Hi all,
I'm using TOS DI 5.2.2 in Red Hat. I have 25,000 files to load. my jobs as follows:
tfileList----> tFileInputDelimited---->tMap---->tVerticaOutput
Action on table is "Insert on table"
it's taking 35min. to load 50files!!!! and each file size is less then 5MB. But same job if i write it to file (instead of vertica) it's taking less time!!
What i'm missing here..!! i need to change any settings!!
Please suggest solution
Regards,
Akki
Hi Akki, What is the need of tMap? if there are no joins, you can replace it by tJavaRow to add new columns or do some operations... What is the commit size and batch size you have given? is it set to auto commit? vaibhav
Inserting may be slow because referential or other constraints are being evaluated by the database prior to committing these records...
You can also try increasing your java heap size to make more memory available for processing.
As an alternative, use the tVerticaOutputBulk and tVerticaBulkExec components for faster loading. They're designed to load larger datasets faster, and typically leverage other database utilities on the back-end. For more info, see
https://help.talend.com/search/all?query=tVerticaOutputBulkExec&content-lang=en
hi sanvaibhav,
I'm using tMap because there are two flows from tMap. one flow insert all fileds from input files to vertica table.
other flow just takes one required field from file and insert that field to other file.
and i have given commit every 100rows in tverticaoutput other then that no settings i'm using in that component.
i don't tthink tMap is effecting my job speed in this case. because as i already mentioned if i replace vertica component with file output component, then its processing in high speed.
Please let me know any solution.
Hi willm,
As Vertica told if you have large file then go for Bulk insert. but in this case each file size is less then 5MB.
Regards,
Akki
You can increase number of records to 1000 and check the performance, every commit cycle takes time... we can reduce the commit cycle by increasing the number of rows...

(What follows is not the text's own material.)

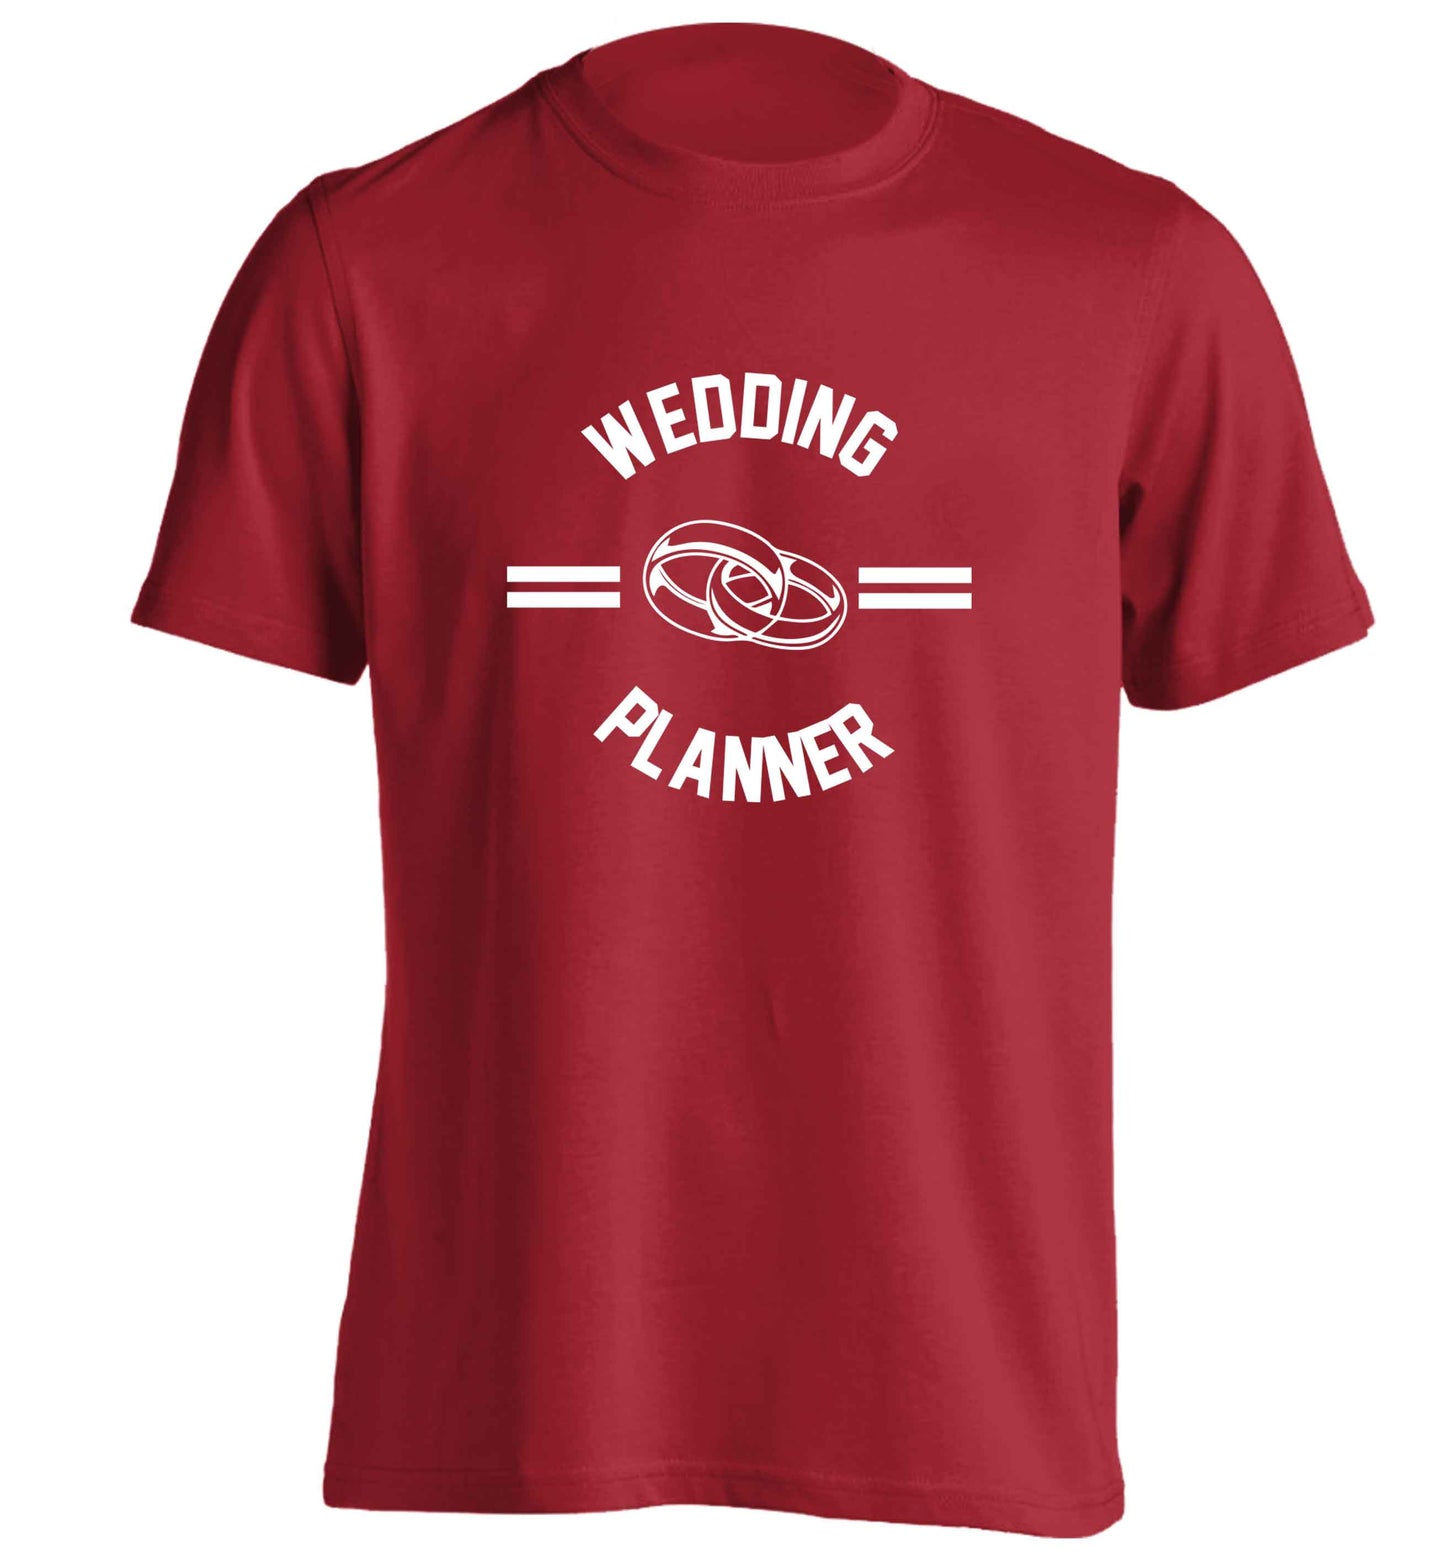 Wedding planner adults unisex red Tshirt 2XL

- Also try giving auto commit option, it would take its default batch size and can observe the difference...
you can use tChronometerstart and tchronometerstop component to check exact execution time...
Whether single job is loading all the files or you have multiple subjobs to do this?
vaibhav
Have you tried to use tVerticalConnection in your job design. The auto commit option is available in tVerticalConnection component. BTW, What's your job row rate? Best regards Sabrina
hi sabrina,
Thank you for reply. I have tried with tverticaConnection. but problem still same. Now i think we got solution for this.
Our vertica table have sequence number generation, but before this was not there. so we removed sequence for that table and checked loading, loading got fast!!
now still i don understand why sequence number will effect loading to table from Talend tool!! Is there any possibilities to use vertica sequence in tverticaoutput component.
Advice : If we cant use sequences of vertica in our talend job, please try to add this feature in upcoming release.
Regards,
Akki
Hi i am facing an issue in Talend Insert i am using Oracle 11g to insert data and inserting data in 5 tables, out of 5 table Talent Insert batch able to insert but for 1 table it is taking 10 times more than all table inserts even records to be Inserts are same in all table.
Can any one help me and find out solution for the same.
Vertica is a column based database and it is typically behaviour to be very slow in single dataset statements.
To improve the performance I suggest you load at first the input data without any checks into the vertica database and use pure SQL statements to fill the (staging-) data into your target table.
Column based database will usually works best with bulk loads instead of insert/update row by row.